The first of these functions described phase (0) of the TMP time course,33 the depolarization phase, as

$$ D(t;\delta ) = L(t;\delta ,\beta ), $$
(2)

with δ the timing of local depolarization and the factor β setting the steepness of the upstroke.

Local repolarization refers to the period during which the TMP moves toward its resting state (Phases 3 and 4), a process that may take up to some hundred ms. The TMP wave form during this period was described as

$$ R(t;\rho ) = L(t;\rho ,\beta_{1} )\,L(t;\rho ,\beta_{2} ), $$
(3)

in which ρ sets the position of the inflection point of the TMPs down slope and β 1 and β 2 are constants setting its leading and trailing slope. Note that the action potential duration, α, defined as

$$ \alpha = \rho - \delta , $$
(4)

represents the time interval between the marker used for the timing of local repolarization ρ and the timing of local depolarization δ; it may be interpreted as the activation recovery interval.24

In summary, the waveform specifying the strength \( S(t;\delta ,\rho ) \) of the local EDL was

$$ S(t;\delta ,\rho ) = D(t;\delta )\,R(t;\rho ) . $$
(5)

Note that this function depends on two parameters only. The constants β 1 and β 2 were found by fitting S(t; δ, ρ) to the STT segment of the rms(t) curve of the 64 ECGs of the individual subjects, as is described in van Oosterom63 and motivated in van Oosterom.61 Examples of the TMP wave forms obtained from (5) are shown in Fig. 1. These may be shifted in time as appropriate in individual cases.
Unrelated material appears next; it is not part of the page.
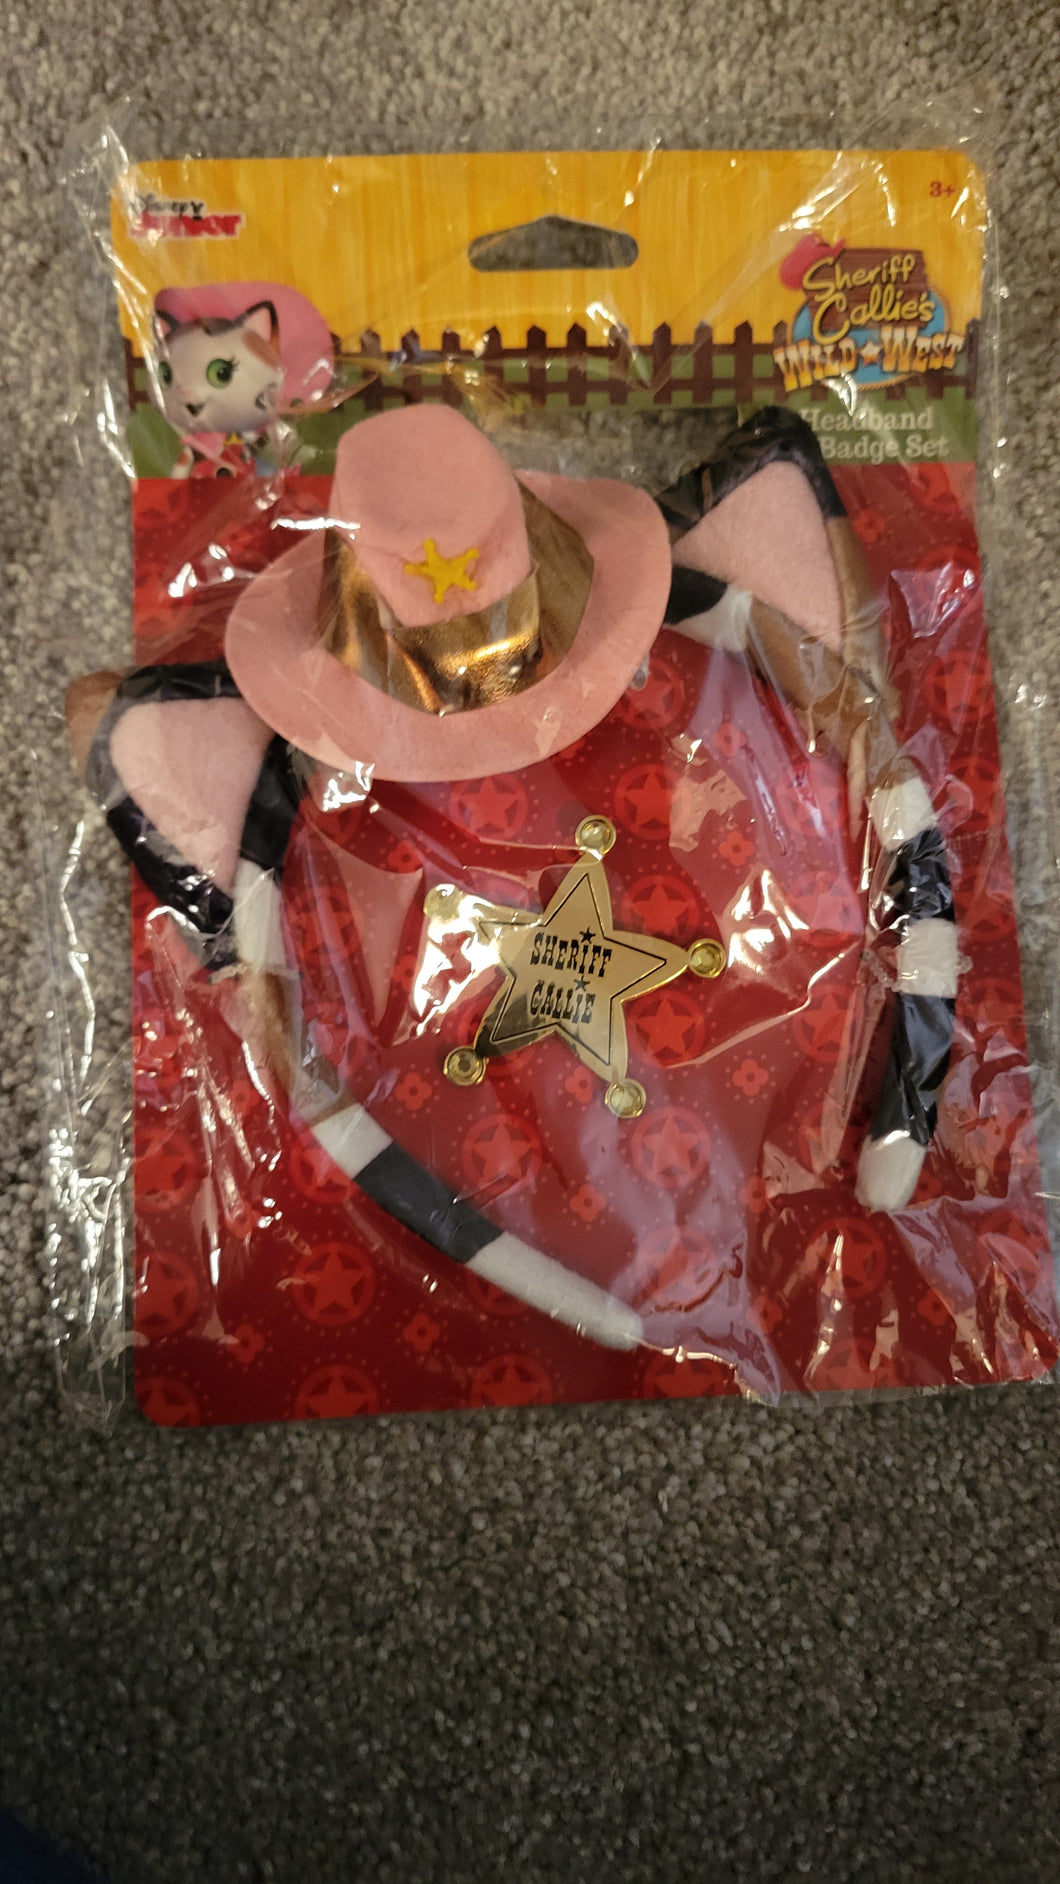 Disney Junior Sheriff Callie's Wild West Headband & Badge Set

Moreover they may be scaled in amplitude to an arbitrary, uniform level in the application to non-ischemic tissue for which, based on solid angle theory applied to a closed double layer, a uniform strength produces no external field.

Figure 1
figure 1

Examples of TMP wave forms based on (5), The constants δ and ρ specify two different timings of activation and recovery; the corresponding activation recovery intervals are α = ρ − δ

Computing Body Surface Potentials

Based on the EDL source description, with its local strength at position \( \vec{x} \) on the surface of the ventricular myocardium (S v) taken to be the local transmembrane potential \( V_{\text{m}} (t,\vec{x}) \), the potential \( \phi (t,\vec{y}) \) generated at any location \( \vec{y} \) on the body surface is

$$ \phi (t,\vec{y}) = \int_{{S_{\text{v}} }} {B(\vec{y},\vec{x})\,V_{\text{m}} (t,\vec{x})} \,d\omega (\vec{y},\vec{x}), $$
(6)

in which \( d\omega (\vec{y},\vec{x}) \) is the solid angle subtended at \( \vec{y} \) by the surface element \( dS(\vec{x}) \) of S v and \( B(\vec{y},\vec{x}) \) is the transfer function expressing the full complexity of the volume conductor (geometry and tissue conductivity). Previous studies26,59 indicated that an appropriate volume conductor model requires the incorporation of the heart, blood cavities, lungs and thorax. In this study, the conductivity values σ assigned to the individual compartments were: thorax and ventricular muscle: 0.2 S/m, lungs: 0.04 S/m and blood cavities: 0.6 S/m.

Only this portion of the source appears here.